Since a method for single-cell RNA sequencing (scRNA-seq) was first proposed (Tang et al., 2009), a number of diverse technologies have emerged for studying gene expression at single-cell resolution. Among these, droplet-based, 3′-end sequencing technologies such as Drop-seq (Macosko et al., 2015), inDrop (Klein et al., 2015), and in particular, 10X Genomics Chromium (Zheng et al., 2017) have become increasingly popular for studying gene expression across different cell types and cellular states due to their lower sequencing cost per cell, and higher throughput relative to other available technologies. These technologies rely on the use of short unique molecular identifier (UMI) sequences that are used to both quantify gene expression and reduce technical variation inherently present in scRNA-seq datasets (Islam et al., 2014; Kivioja et al., 2011). However, datasets derived using these UMI count-based technologies need to undergo several preprocessing and quality control steps before they can be used to address biological hypotheses.

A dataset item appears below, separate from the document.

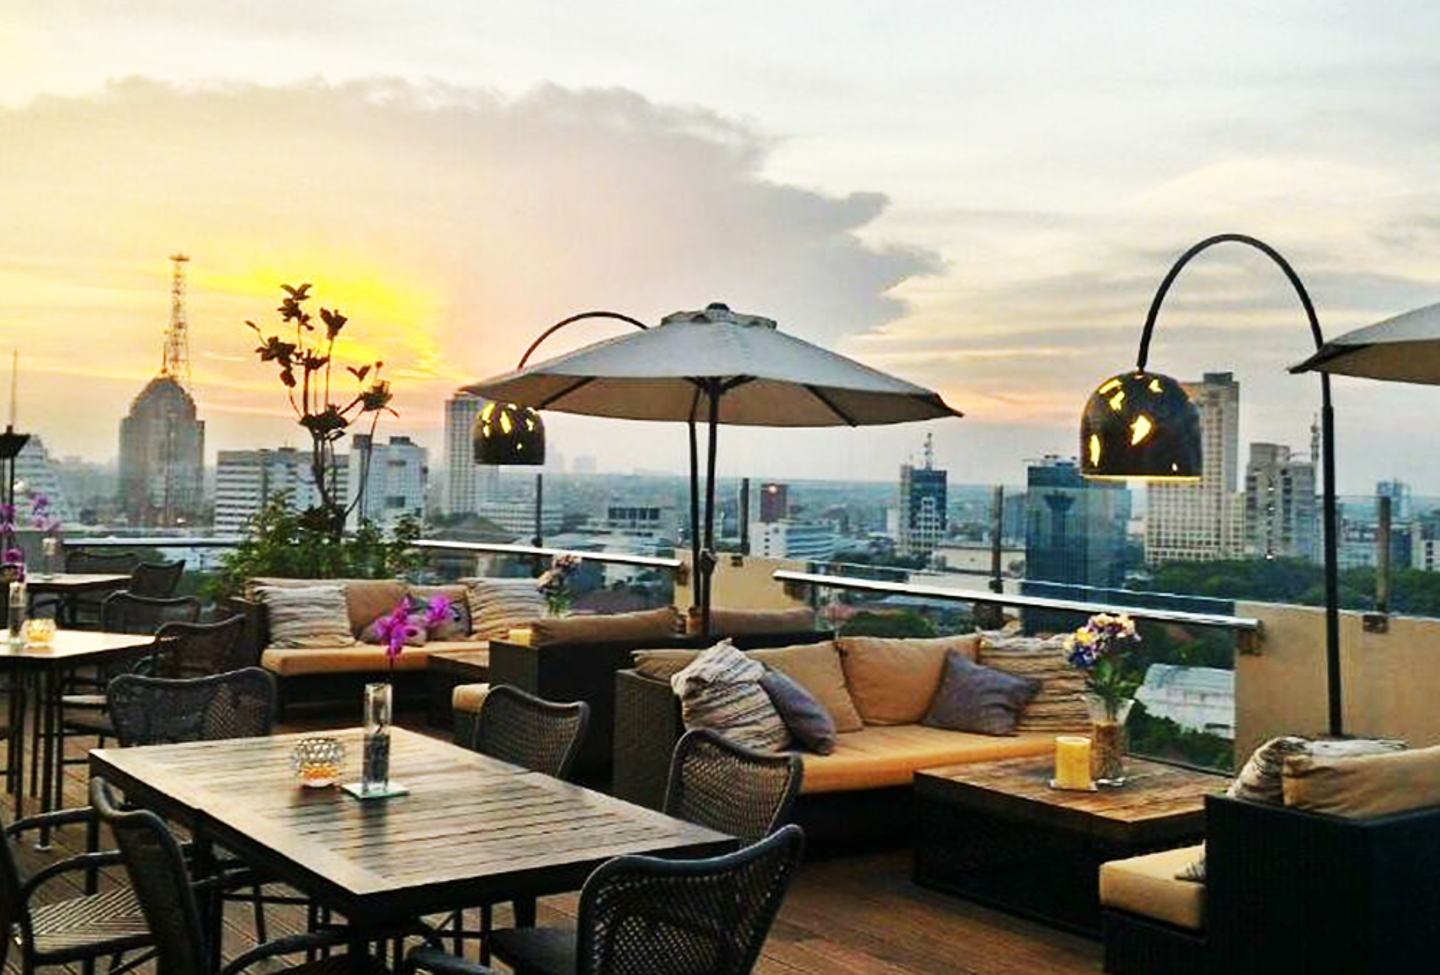 8 Restoran Dengan View Outdoor Paling Seru Di Surabaya

As a result, hundreds of software tools have been developed to perform these preprocessing and quality control steps, with the vast majority of these software tools having historically been built for the R software environment (Zappia et al., 2018). One of the most popular R packages is undoubtedly Seurat (Stuart et al., 2019), which has become an integral component of many scRNA-seq workflows due to the wide range of analysis methods it offers and the utility of its custom data structures. However recently, an increasing number of new tools are being developed using the Python programming language (Zappia & Theis, 2021). One such tool is kb-python (Bray et al., 2016; Melsted et al., 2021), a wrapper for the kallisto | bustools scRNA-seq workflow (Melsted et al., 2021). Therefore there is a growing need to develop tools that enable integration of widely used existing R-based tools like Seurat and newer Python-based tools and analysis workflows like kb-python.

We therefore introduce SASCRiP (Sequencing Analysis of Single-Cell RNA in Python), a flexible and modular Python package designed to integrate kb-python, selected Seurat features, and additional custom data processing and visualization functions in a way that simplifies and streamlines preprocessing and quality control of UMI count-based scRNA-seq data in preparation for downstream analyses like clustering, data integration, and differential gene expression analysis.

Methods

Implementation

SASCRiP (Moonsamy, 2021a) implements preprocessing of scRNA-seq datasets through four main functions, namely kallisto_bustools_count, seurat_matrix, run_cqc, and sctransform_normalize (Figure 1).

bbaaac6a-e187-4494-8028-566a9cf6415c_figure1.gif

Figure 1. Overview of the Sequencing Analysis of Single-Cell RNA in Python (SASCRiP) workflow.

The SASCRiP workflow begins with the input of FASTQ files, and a Seurat object and mtx matrix containing gene expression values are produced as output. All SASCRiP functions, namely kallisto_bustools_count, seurat_matrix, run_cqc, and sctransform_normalize, produce intermediate files that are used as input into the following function.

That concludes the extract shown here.